In this article, we will describe our efforts at Crater Labs in developing a multi-modal GAN, which uses both video and audio cues for speech enhancement. In particular, we propose the use the shape of the lips and facial features to guide our model in removing background noise.
Part One: Starting with SEGAN
SEGAN[1] is a type of conditional GAN which uses additional information to assist the generator in creating ‘good’ samples. In speech enhancement, the speech is contained in the original noisy speech. The noisy speech itself is used as the additional information needed to generate the enhanced speech.
The SEGAN generator is shown in the figure below, where it contains an encoder that estimates a feature vector from the noisy speech c, then the white noise z is concatenated to c. Similarly, all feature layers from the encoder are used as additional information to assist the generator in the same way.
The discriminator has a similar architecture to the generator encoder. But takes both the noisy and clean speech as input.
Because the noise-free speech in SEGAN is available, it is used as a target for speech enhancement. In addition to the GAN loss described above, an L1 loss that is the absolute difference between the clean speech and the generated speech is also included. While SEGAN has shown some success in speech enhancement, like most GANs, it is prone to collapse.
Part Two: Improving SEGAN
SEGAN, as implemented by the original author shows significant promise in speech enhancement. We hypothesized that if we can (a) stabilize SEGAN, and (b) incorporate facial features, we can improve the ability of SEGAN to enhance speech. Specifically, we seek to achieve our two objectives through the incorporation of ‘spectral normalization’[2] and a few techniques not used in the original SEGAN implementation.
Stabilizing SEGAN
Convolution layers used in SEGAN creates ‘checkerboard artifacts’[3] in image generation. The corresponding artifact in the audio domain would be a persistent hum at particular pitches through out the generated speech. It turns out that the discriminator can identify the artifact that led to the hum and has a nearly 100% success rate in identifying generated speech from real speech.
By the Power of Phase Shuffle
The trick is to make it harder for the discriminator to learn such artifacts. It is done by shifting the audio input of the discriminator by a few pixels randomly. This process is dubbed ‘phase shuffle’[4]. The plot below shows this [note that we are using the convention in LSGAN, where the generator loss is 0.5×(D(G(z))-1)²]:
By training SEGAN with phase shuffle, the generator converges to D(G(z)) = 0.5, the perfect scenario where 50% of the generated speech looks real to the discriminator. After implementing Phase Shuffle into SEGAN, we observed a drop in the L1 loss as well.
Having trained SEGAN with the phase shuffle technique, we are now ready to equip SEGAN with visual cues.

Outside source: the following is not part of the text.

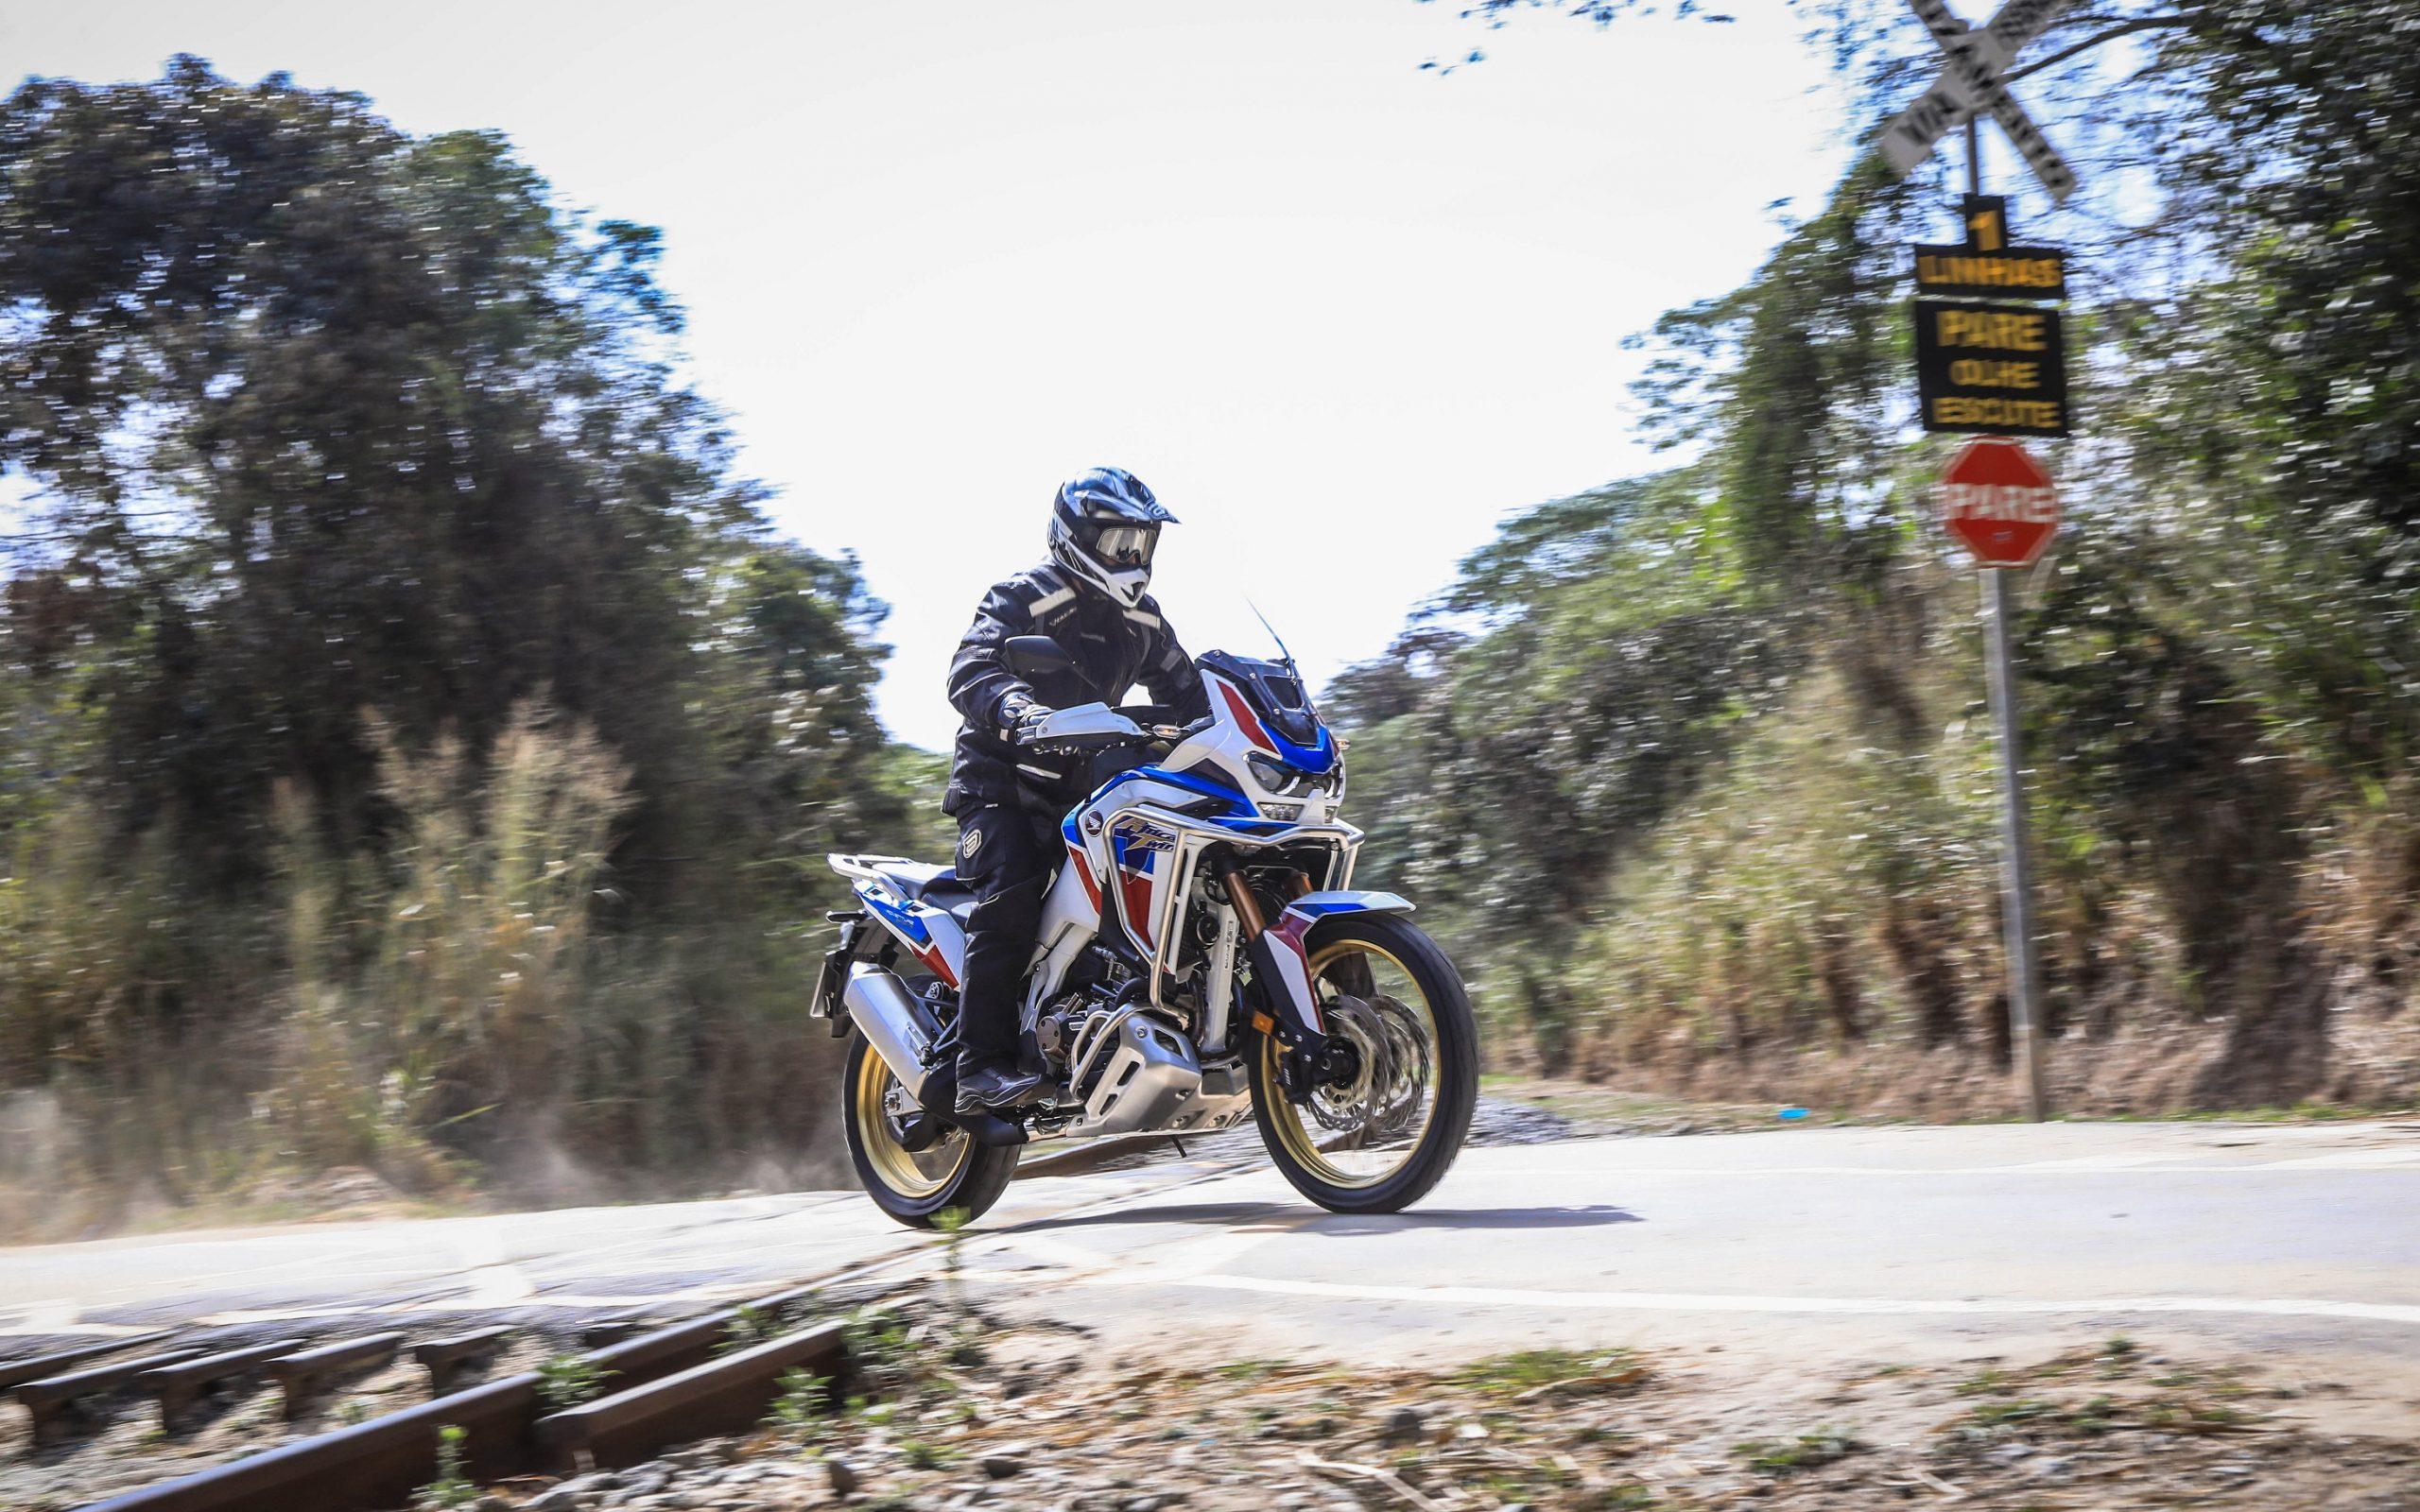 honda africa twin 1100 adventure sports dct teste 9

Incorporating Facial Features
Intuitively we assume there must be a correspondence between lip frames and speech. As the audio data passes through each layer in the neural network, there must be a corresponding feature as the lip frames passes through a similar neural network.

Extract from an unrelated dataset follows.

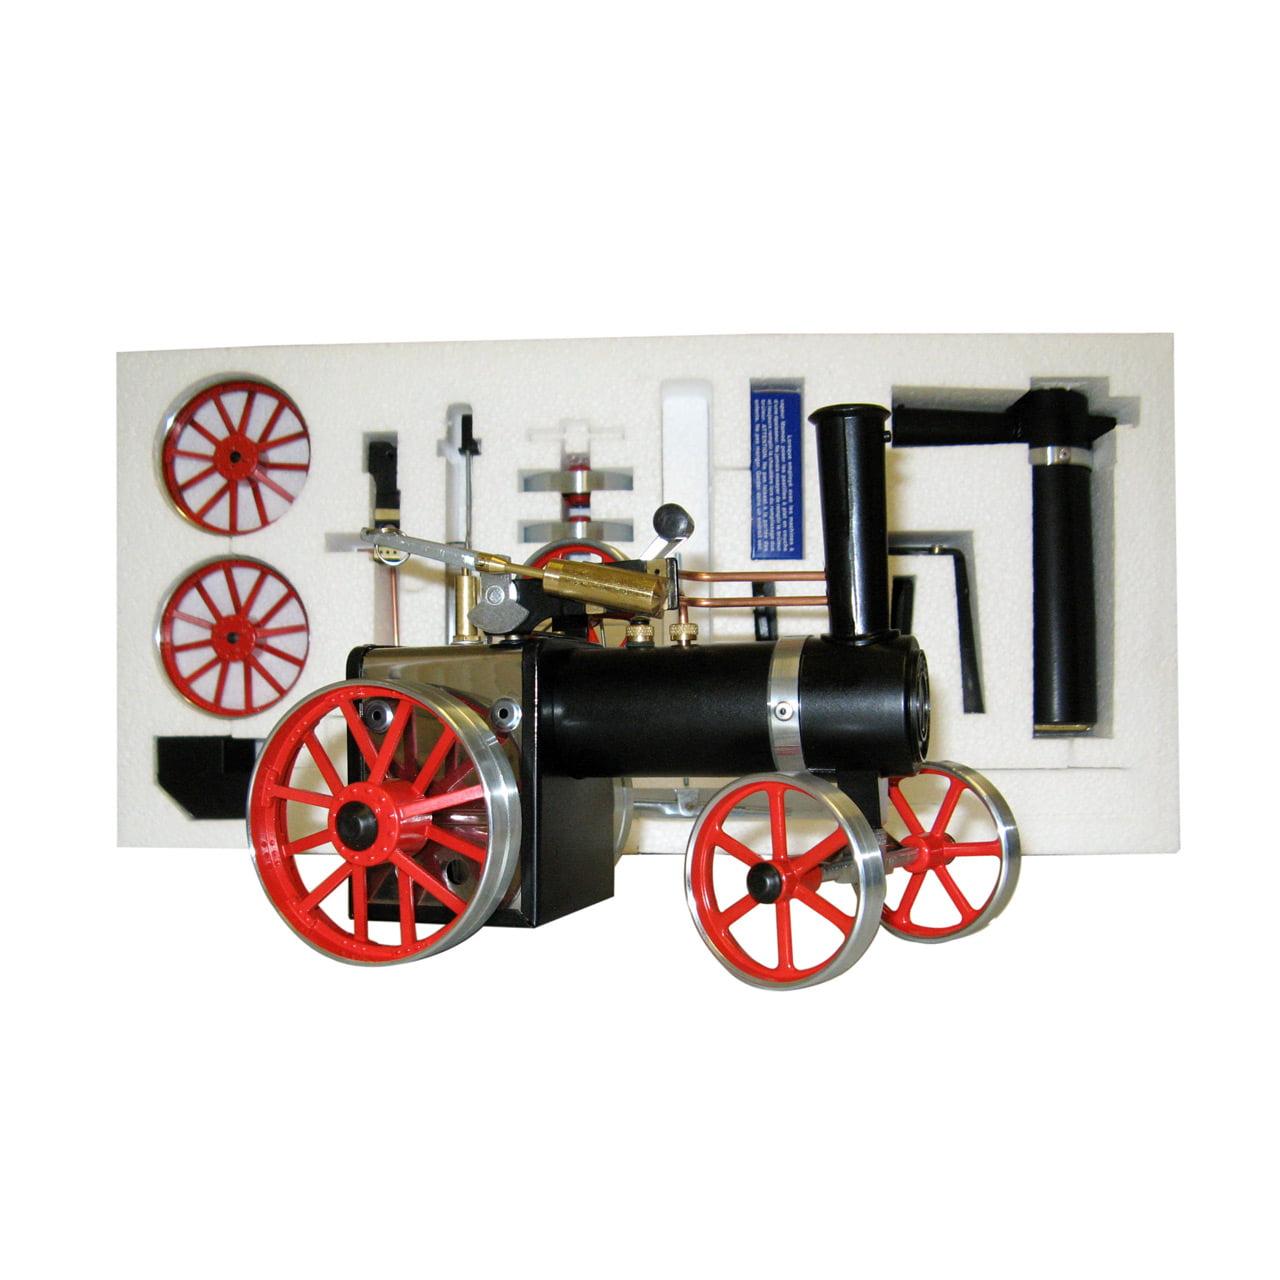 Model Steam Engine Category: model steam engine

To get the lip frame features, we captured frames from the webcam video and stacked them depth wise. The frames then are passed into a deep convolutional neural network. The output of each layer is a set of lip frame features.
We used the ‘projection method’[5], originally proposed for the second last layer of the discriminator, and observed significantly improved results. The projection involves a dot product between two sets of features. If the two sets of features align (i.e. are similar) the dot product returns a positive number. If they are not similar, a negative number would be returned. The projection method was shown to be superior to other methods of using additional information, such as the concatenate method used in SEGAN. We will use the projection method for our lip frames.
In the discriminator, we take the last lip frame feature set and take the dot product with a feature set from the audio of the same dimensions. The alignment score obtained from the dot product is then added to the output of the discriminator. The figure below shows a two layer version of our discriminator.
During preliminary experiments a naive implementation of the method led to an order of magnitude increase in the loss function. The culprit is the sum in the dot product. To take care of this, we took the mean rather than the sum when the dot product is performed. Thus, the alignment is still performed while bringing the loss function to the usual range.
Generator Conditioning with Continuous Class Labels
In literature such as cGANs with Projection Discriminator, limiting the generated samples to specific classes is typically done with conditional ‘batch normalization’[6], where different scaling and shifting weights are used for each class. In our applications, the class labels consist of the lip frames associated with each audio clip. Using a different set of weights for each lip frame would be impractical.
The real issue is that batch normalization can cause SEGAN to collapse, especially when it is implemented in the generator. Without batch normalization, we would have to concatenate lip frame features onto the audio ones. However, this leads to additional memory cost.
We designed a novel way to condition on the generator with lip frames without additional memory usage. To do this, we extend the projection method to be used in every layer in the generator decoder. To keep things simple, we use the same implementation as the discriminator. All layers of lip frame features are used rather than just the last one as in the discriminator. The output of each decoder layer with the right dimension is added with the alignment score from the lip frame projection. The figure below shows a sizeable improvement in the model’s generalization power.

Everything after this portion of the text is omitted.